Already I had logged onto AirSafe.com, a deliciously ghoulish compilation of accident statistics, to discover the current standing of the Airbus A340 on which we would be flying, only to encounter one of those vicious whirlpools of unreason which afflict the paranoid. Was its unblemished record comforting or simply evidence an incident was overdue?

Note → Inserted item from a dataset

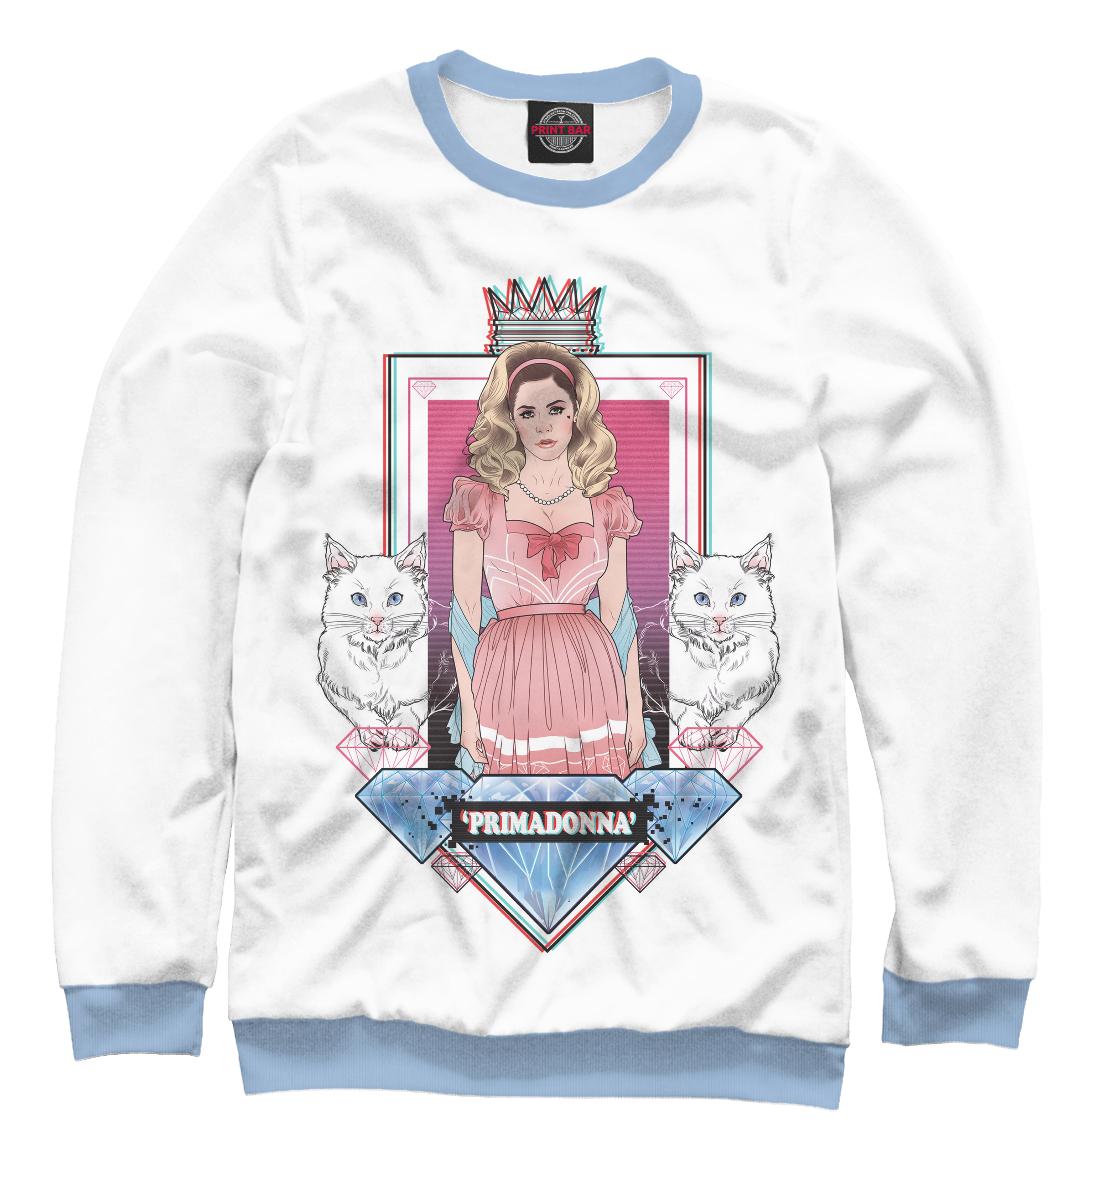 Marina and the diamonds - Primadonna, Printbar, Свитшоты, MZK-612846-swi-1  - купить со скидкой

The Foreign Office advice to travellers wasn't much more help – with its suggestion that visitors to the island should "remain alert" and avoid "large gatherings". Staying alert wasn't actually high on my wish-list of holiday activities, and besides, how exactly do you go about it in a culture you don't understand?

The nice lady from the travel agent was professionally reassuring about such matters. The Tamil Tigers don't attack tourists, she said confidently, because they have no interest in damaging the island's economy. I have to say I was a bit dubious about this notional strategic nicety even before yesterday's attack. The Tigers aren't famous for their hotel management branch, and might understandably feel that they don't get a big enough share of the tourist dollar to worry about frightening it off. In any case, it wasn't just politics we had to worry about, but biology too.

The slight but measurable prospect of medical catastrophe was also doing its bit to keep doubts at a simmer. As a result, the children's bloodstreams have already been reinforced with typhoid antibodies and anti-malarial drugs (and getting the latter into a four-year-old should count as a travel hazard in its own right).

The only thing steadying my nerves, in truth, was the fact that my wife is even more nervous than I am. This allowed me to feel that I possessed a certain sang-froid, a relativistic delusion that still holds good. Right now I'm weighing up the merits of a holiday accompanied by a thin filament of worry. She's already imagining Tiger High Command convening the suicide bombers in a northern coconut grove to show them grainy surveillance photographs of the Sutcliffe family. "We don't want any mistakes," barks the commander. "Commit these faces to memory."

The FO updated its travel advice yesterday morning – suggesting that travellers should "consider postponing their visit until the situation returns to normal". I'm not sure what normal is any more, though – a feeling of mild anxiety as compared to outright, sweaty-palmed dread? I have a feeling that the sensation I dismissed a day ago as cowardice is going to reappear quite soon under the more flattering description of caution – and that I will welcome it when it arrives.